Despite the impressive reported scores, the AI community approaches the use of human IQ tests for machines with a degree of caution.[11][12] Experts emphasize that IQ tests measure a specific subset of intelligence and that an AI's performance on such tasks doesn't equate to generalized thinking ability or consciousness in the human sense.[11][13][14] There are inherent limitations in applying tests designed for human cognitive structures and experiences to artificial intelligence.[11][13] Factors such as the vast training data AI models are exposed to, and the specific ways tests are administered to AI, can influence outcomes in ways not comparable to human test-taking.[4][11] While a high IQ score for an AI is a provocative signal of advancing capabilities in certain reasoning tasks, it's not a definitive measure of overall intelligence or understanding.[4][11] Researchers are also exploring other benchmarks like the ARC-AGI test, which assesses an AI's "sample efficiency" in adapting to novel problems, to get a broader understanding of AI generalisation capabilities.[7][15][9]

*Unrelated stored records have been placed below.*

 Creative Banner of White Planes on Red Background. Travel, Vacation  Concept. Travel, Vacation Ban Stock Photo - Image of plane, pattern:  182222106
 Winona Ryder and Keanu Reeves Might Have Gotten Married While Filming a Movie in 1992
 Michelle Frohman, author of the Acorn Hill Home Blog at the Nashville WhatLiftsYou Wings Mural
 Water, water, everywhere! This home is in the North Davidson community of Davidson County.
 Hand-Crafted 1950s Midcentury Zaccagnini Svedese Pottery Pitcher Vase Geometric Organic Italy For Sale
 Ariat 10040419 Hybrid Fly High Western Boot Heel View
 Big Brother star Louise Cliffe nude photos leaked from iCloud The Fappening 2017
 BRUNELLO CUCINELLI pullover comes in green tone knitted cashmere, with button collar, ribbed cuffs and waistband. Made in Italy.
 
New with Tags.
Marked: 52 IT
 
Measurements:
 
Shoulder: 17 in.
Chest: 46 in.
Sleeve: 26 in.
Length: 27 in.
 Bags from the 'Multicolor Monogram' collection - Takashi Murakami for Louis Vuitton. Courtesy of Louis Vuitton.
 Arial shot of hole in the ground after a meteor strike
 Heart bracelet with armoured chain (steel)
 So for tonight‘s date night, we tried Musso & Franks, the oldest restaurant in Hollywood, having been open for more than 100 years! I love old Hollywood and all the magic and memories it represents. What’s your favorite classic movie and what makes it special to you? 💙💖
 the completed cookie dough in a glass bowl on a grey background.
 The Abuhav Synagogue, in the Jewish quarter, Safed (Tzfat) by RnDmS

In conclusion, reports of an OpenAI model, sometimes referred to as "o3", achieving an IQ score of 135 on the Mensa Norway test signal a significant advancement in AI's capacity for abstract reasoning, particularly in text-based problem-solving.[1][4] While the "o3" moniker and its specific standing relative to officially named models like GPT-4o require further clarification from OpenAI, the underlying trend of rapidly improving AI performance on complex cognitive tasks is clear. These developments open up new possibilities but also underscore the ongoing debate about how to meaningfully measure and compare artificial intelligence to human intellect. The distinction in performance between text-only and multimodal models on such tests, along with concerns about potential brittleness or unintended behaviors, highlights the nuanced journey ahead in developing truly general and robust AI.[1][2][16][10] Future research will undoubtedly continue to refine both AI capabilities and the methods used to assess them, moving towards a more comprehensive understanding of artificial general intelligence.